Derive Parameter for Sum of Diameter and Analysis Flag ANL01FL

Sum of Target Lesions Diameters is the sum of the diameters of both lymph and non-lymph nodes (sum of analysis values AVAL from source observations LDIAMn & LNDIAMn).

In this vignette, the sum of the diameters is calculated across all the available lesion measurements, and we use the analysis flag ANL01FL to select the records that should be used as part of the analysis based on RECIST 1.1. Subsequently we then build on this analysis flag (see ANLzzFL) to demonstrate additional analysis flags for example purposes only. The analysis flags therefore should be setup according to your company specifications.

In the example below, the lesion sizes are counted and grouped according to the by variables specified, in this case we group by the visit (AVISIT and AVISITN) to ensure that the correct lesion measurements are summed together. If there are different analysis day/dates (ADY/ADT) associated with a particular visit, we take the minimum day/date.

adtr_sum <- derive_summary_records(
  dataset_add = adtr,
  by_vars = exprs(STUDYID, USUBJID, !!!adsl_vars, AVISIT, AVISITN),
  filter_add = (str_starts(PARAMCD, "LDIAM") & TULOCGR1 == "NON-NODAL") |
    (str_starts(PARAMCD, "NLDIAM") & TULOCGR1 == "NODAL"),
  set_values_to = exprs(
    AVAL = sum(AVAL, na.rm = TRUE),
    ADY = min(ADY, na.rm = TRUE),
    ADT = min(ADT, na.rm = TRUE),
    PARAMCD = "SDIAM",
    PARAM = "Target Lesions Sum of Diameters by Investigator",
    PARCAT1 = "Target Lesion(s)",
    PARCAT2 = "Investigator",
    PARCAT3 = "RECIST 1.1"
  )
)

The analysis flag ANL01FL flags the sum of diameters where the number of lesions assessed at baseline and at post-baseline match.

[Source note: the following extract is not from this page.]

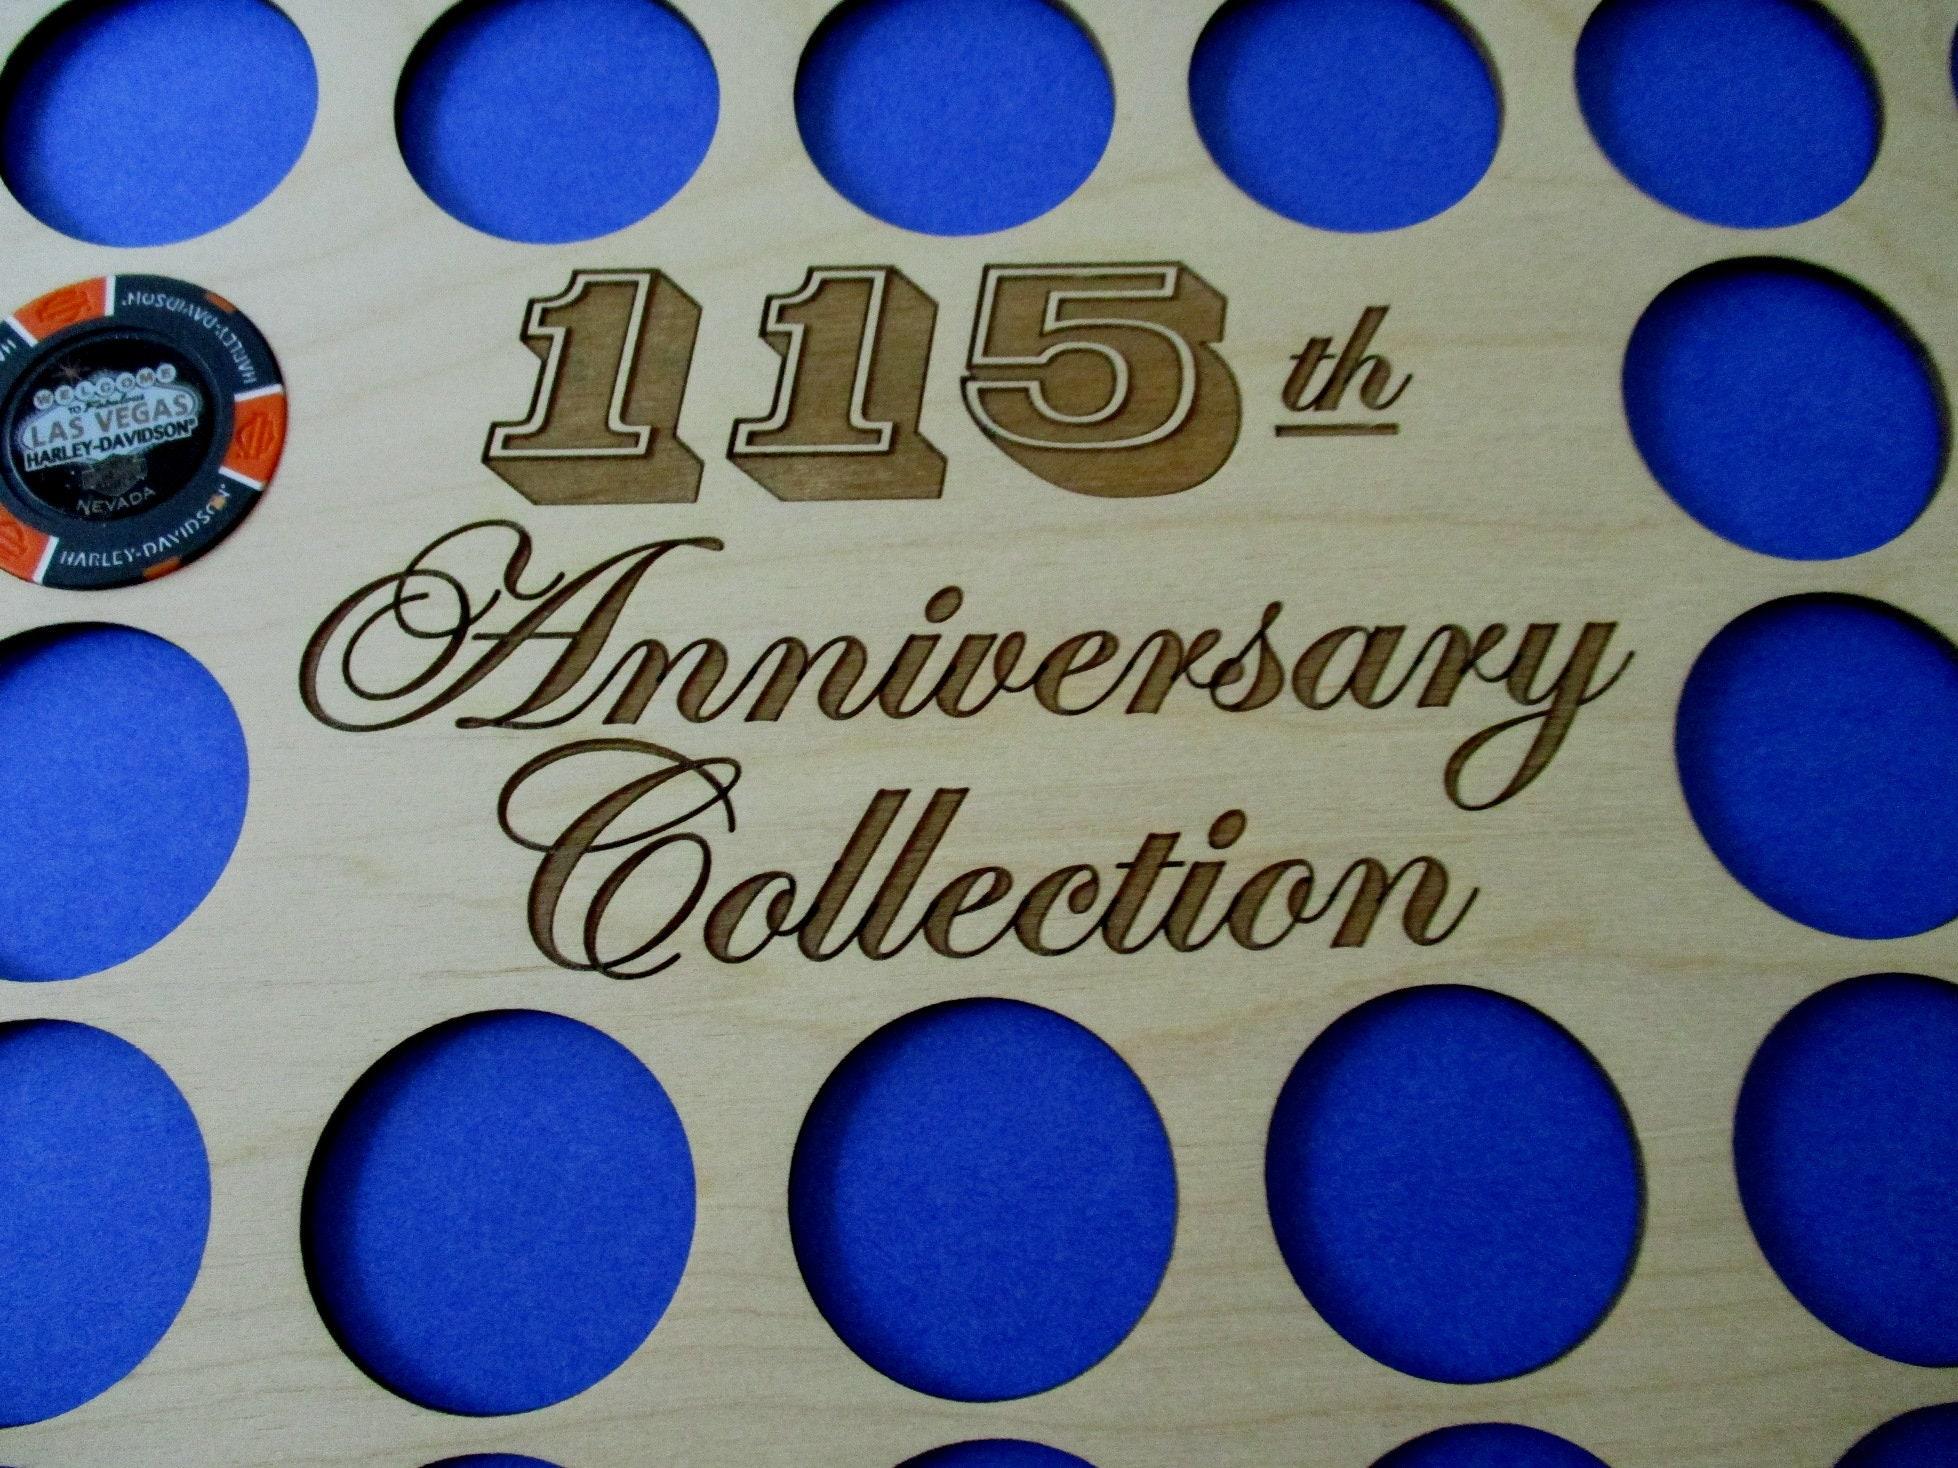 115-Jubiläum Sammlung Poker Chip Rahmen Anzeige einfügen passt | Etsy

To assess whether the number of lesions expected and assessed match, you could compare lesion identifiers (TR.TRLNKID) or use the previous variables set up earlier to compare lesion expected (LSEXP) vs lesion assessed (LSASS) or check for target lesion response (from RS) = NE. A target lesion response of NE means all lesions from baseline are not measured at that post-baseline visit.

Lesions can split or merge, if this is a consideration then this needs to be taken care of when deciding on which algorithm to use to check that all lesions are measured at post-baseline.

In the below example, we use derive_var_merged_summary() function multiple times in order to process additional variables for sum of diameter parameter, and calculate the analysis flag (ANL01FL).

In the first step we concatenate lesions IDs measured LSEXP at baseline, and merge in with the second step where we concatenate the lesions IDs assessed LSASS at that visit record. You can then compare LSEXP vs LSASS at each visit.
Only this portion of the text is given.